Cependant, pour devenir membre de la Banque mondiale, en vertu des statuts de la Bird, le pays demandeur doit d’abord adhérer au Fonds monétaire international (Fmi). Le Congo est donc membre de la Bird et du Fmi. Rien que par ce statut, le Fmi ne devrait pas lui refuser un prêt.

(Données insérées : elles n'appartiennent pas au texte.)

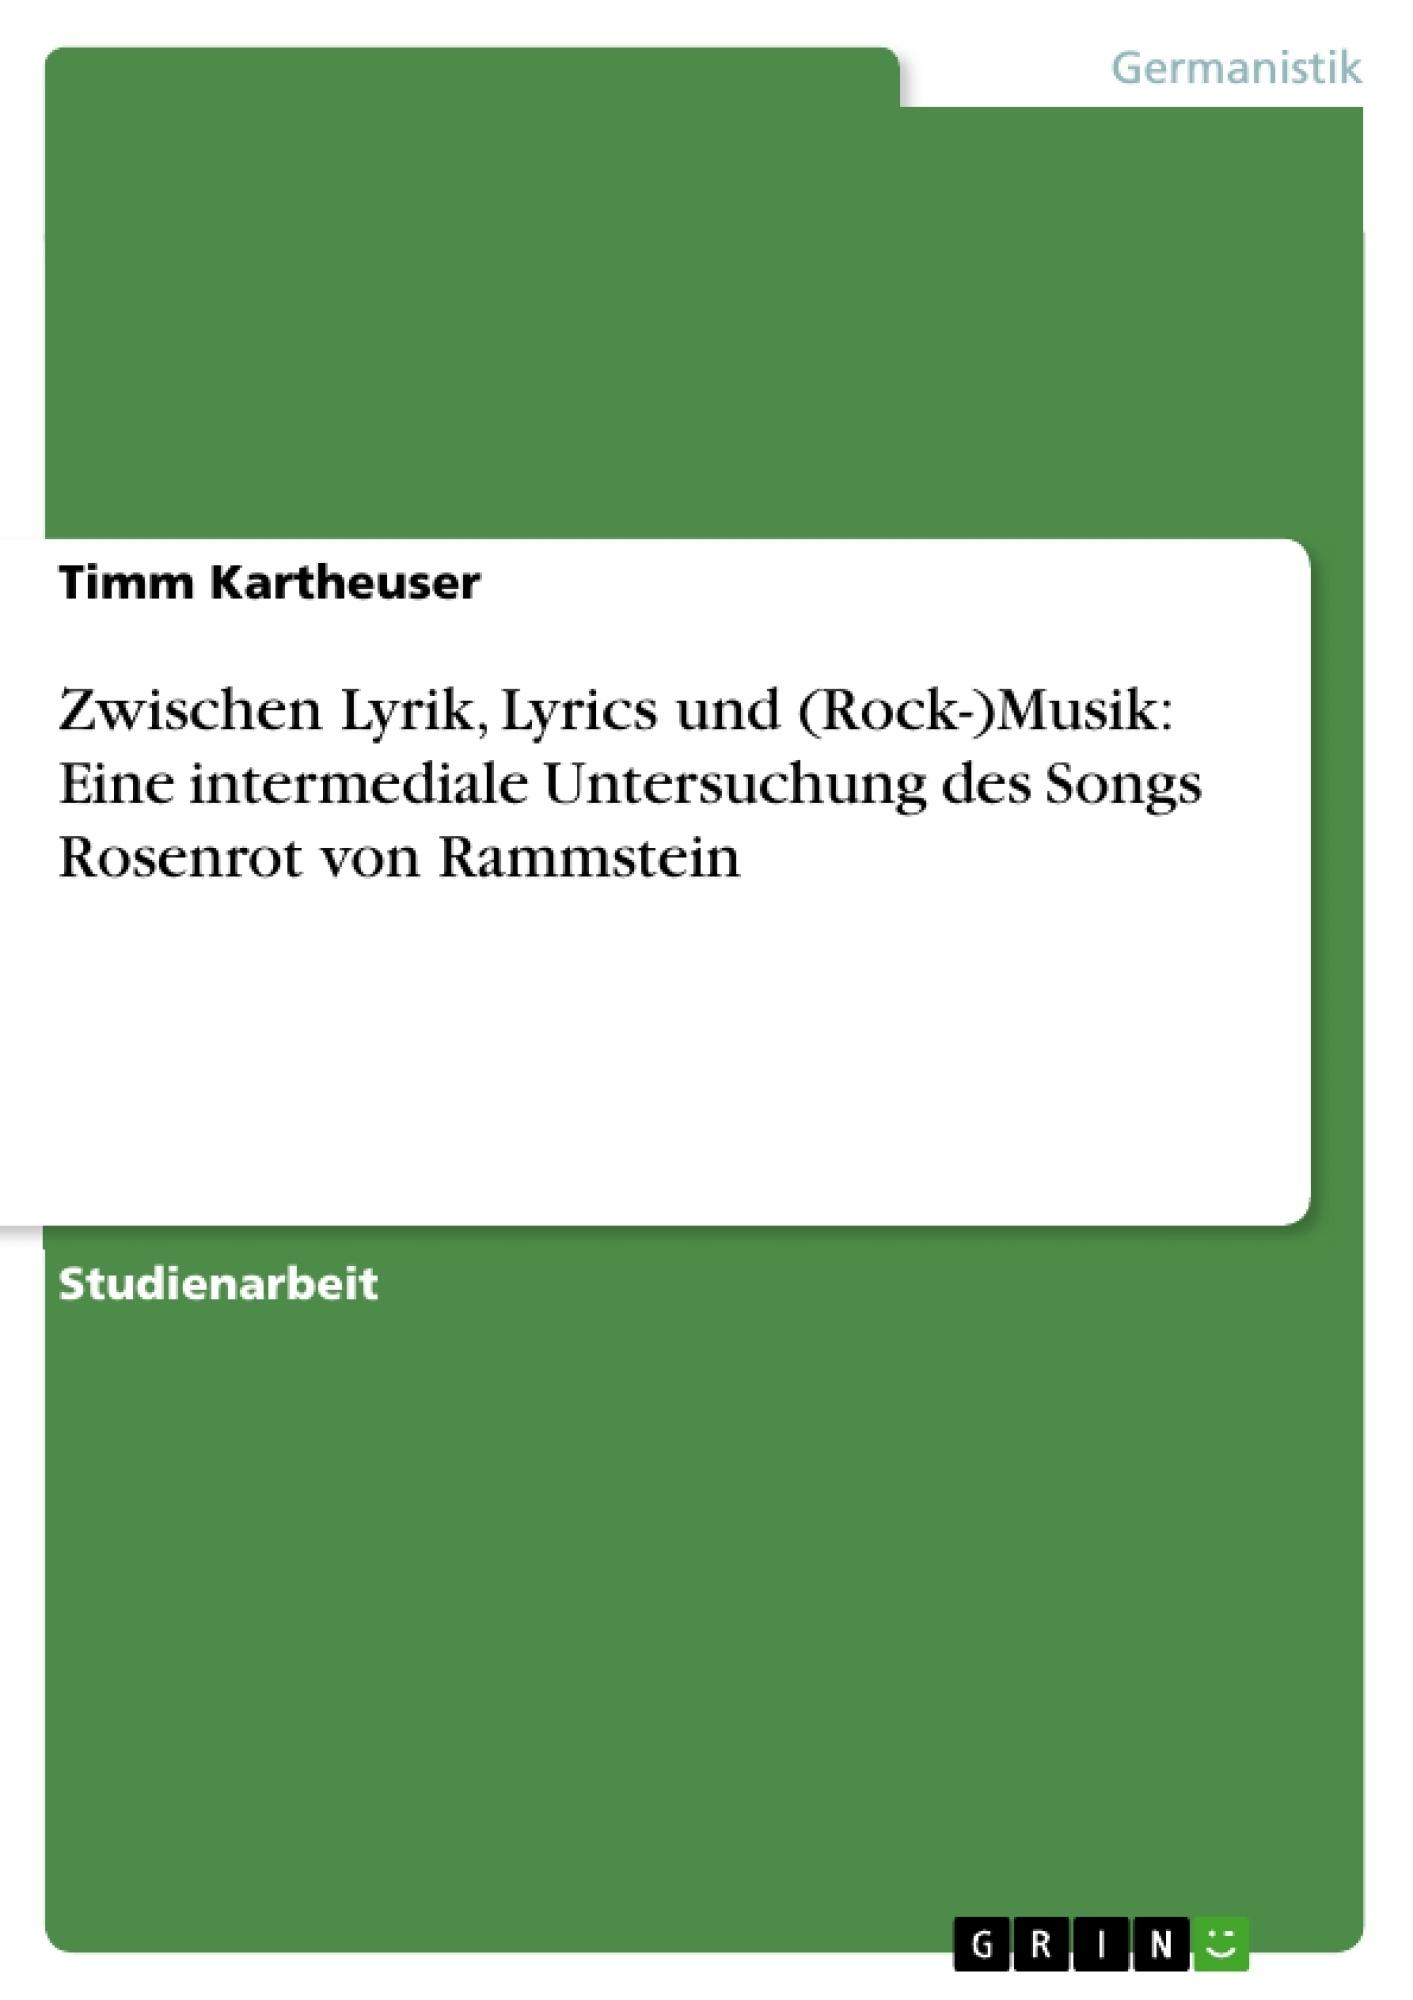 Titel: Zwischen Lyrik, Lyrics und (Rock-)Musik: Eine intermediale Untersuchung des Songs Rosenrot von Rammstein

Néanmoins, les Congolais ont tort d’accuser le Fmi. Car, cette institution ne fait pas de coup d’état. Sa mission est de prendre des décisions qui servent de carte de garantie et de sécurité pour les pays qui veulent s’endetter auprès de certaines institutions financières internationales. C’est, certes, à travers les mesures draconiennes qu’il recommande aux gouvernements pour améliorer leur gouvernance et redresser leurs finances ainsi que leurs économies, et qui créent des tensions et des troubles dans les pays qui bénéficient de ses aides que d’aucuns trouvent la main noire du Fmi qui destitue les régimes politiques.

Le match devient brutal

En ne donnant que 224 milliards de francs Cfa au gouvernement du Congo, le Fmi a fragilisé Denis Sassou Nguesso. Et, Denis Sassou Nguesso n’a plus qu’un choix pour survivre politiquement. Soit il va encore surendetter le pays. Soit il va troquer la carte de son fils contre le rapatriement des fonds volés pour s’en sortir.

Or, les Congolais ont un seul moyen pour empêcher cette alternative : descendre dans la rue pour mettre fin à cette dictature, et faire rapatrier, avec l’aide des institutions internationales, tout le magot volé. Il leur suffit de prendre le courage. Au cas contraire, et avec toutes les dettes contractées pendant les quarante ans qu’il va bientôt totaliser à la tête du pays, les Congolais auront encore, au moins, soixante ans pour payer ces dettes. Ce qui fera un total de 100 ans de misère imposée par Denis Sassou Nguesso. Voilà le message du Fmi sur ses négociations avec le Congo et qui éclaire sur l’héritage de Sassou Nguesso.